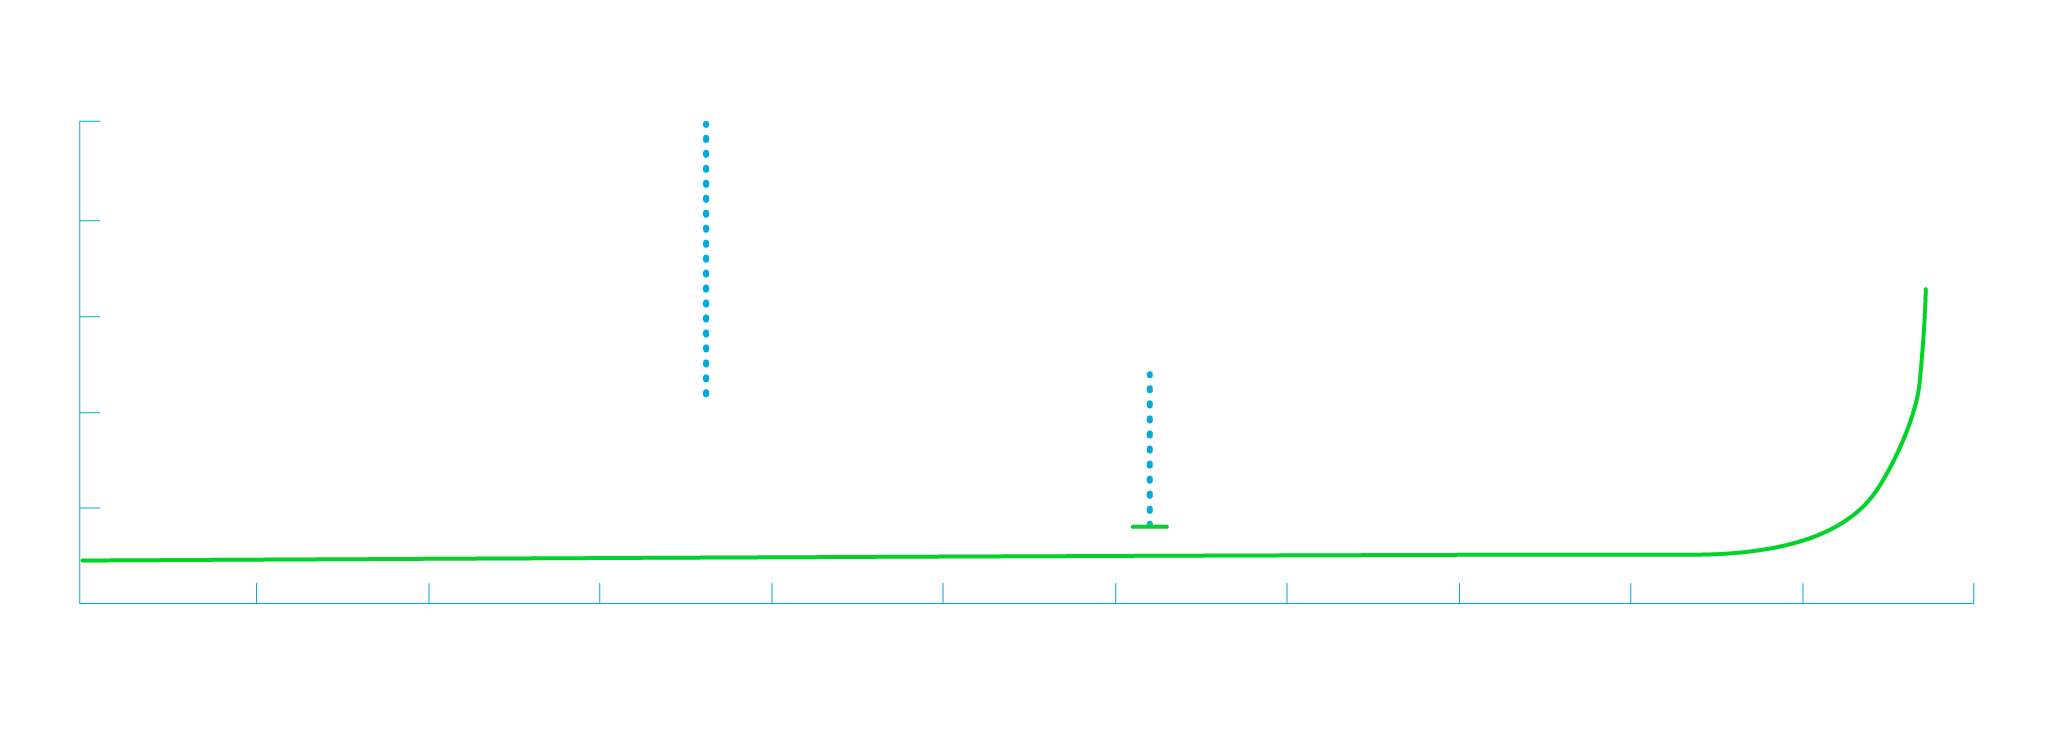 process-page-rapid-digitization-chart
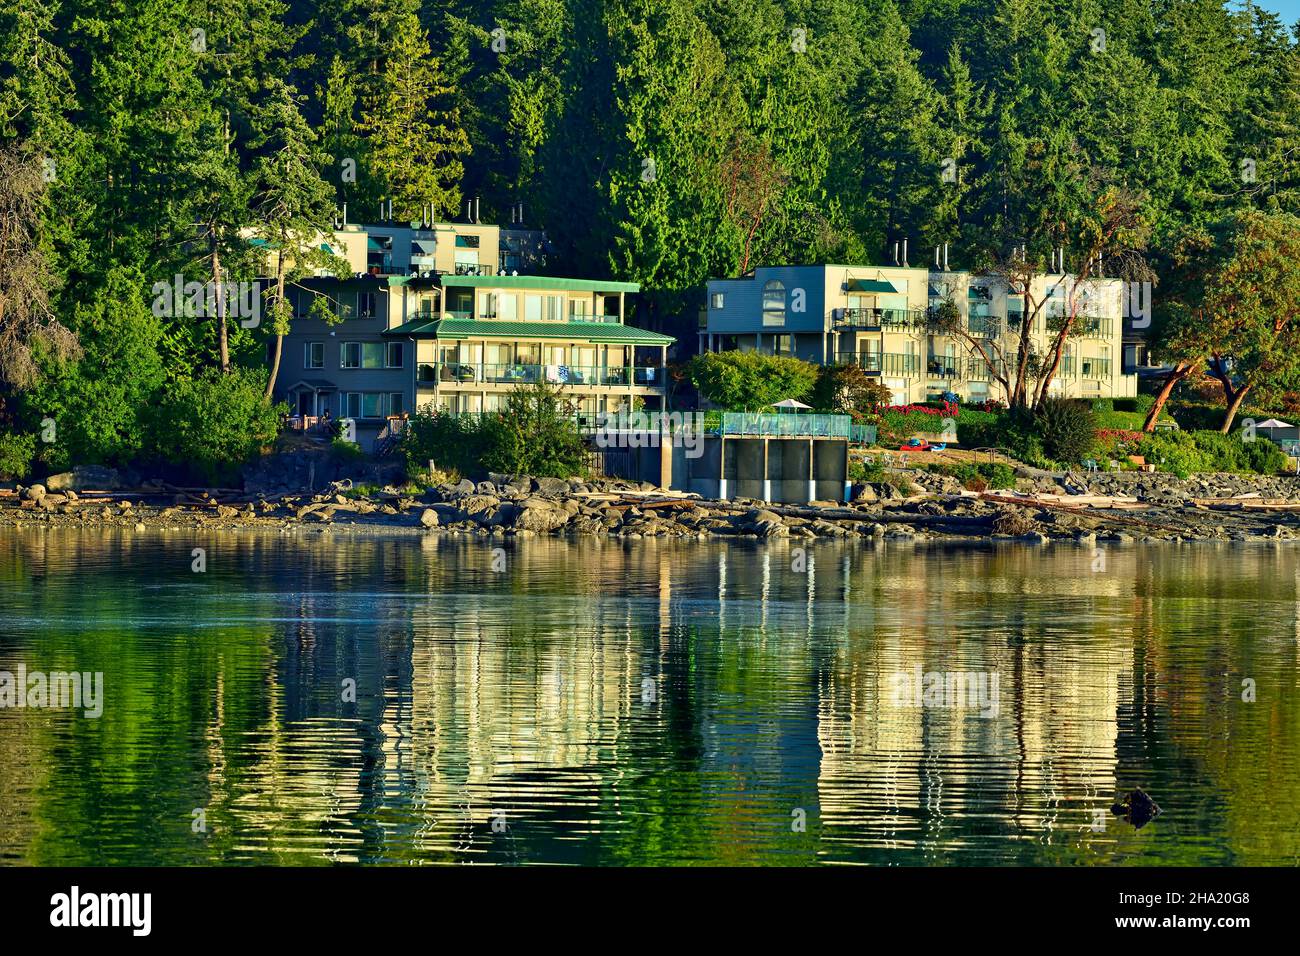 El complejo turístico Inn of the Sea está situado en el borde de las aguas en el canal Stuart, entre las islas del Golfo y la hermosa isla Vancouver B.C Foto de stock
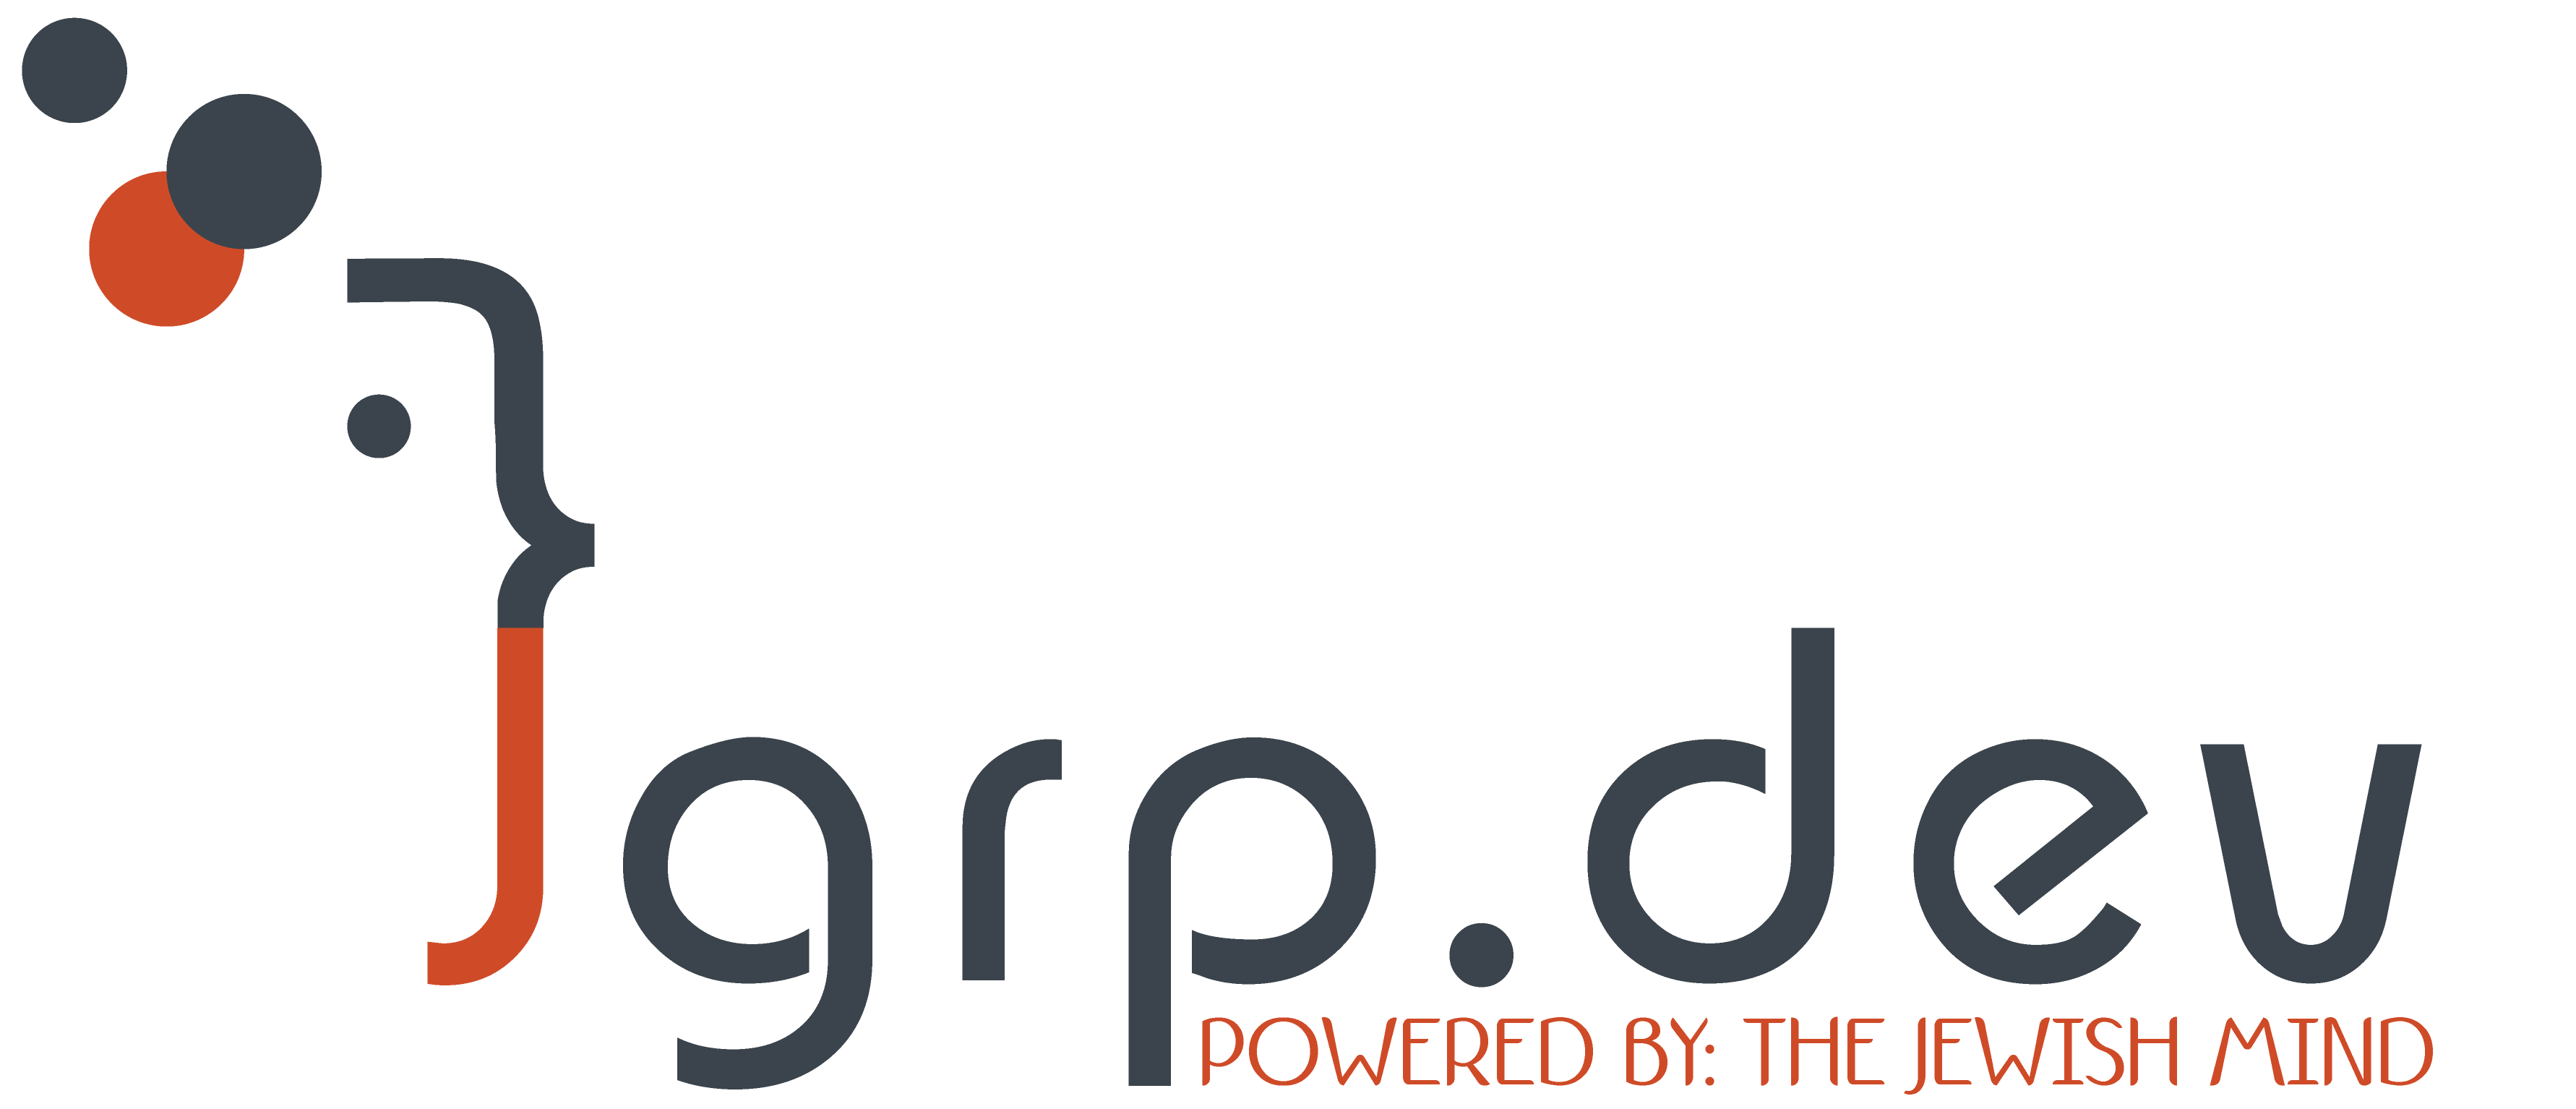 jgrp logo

YOUR INSTRUCTIONS
One exact copy of the data is required, and it should hold no pictures.

RESPONSE TO THIS EXERCISE
 process-page-rapid-digitization-chart
 El complejo turístico Inn of the Sea está situado en el borde de las aguas en el canal Stuart, entre las islas del Golfo y la hermosa isla Vancouver B.C Foto de stock
 jgrp logo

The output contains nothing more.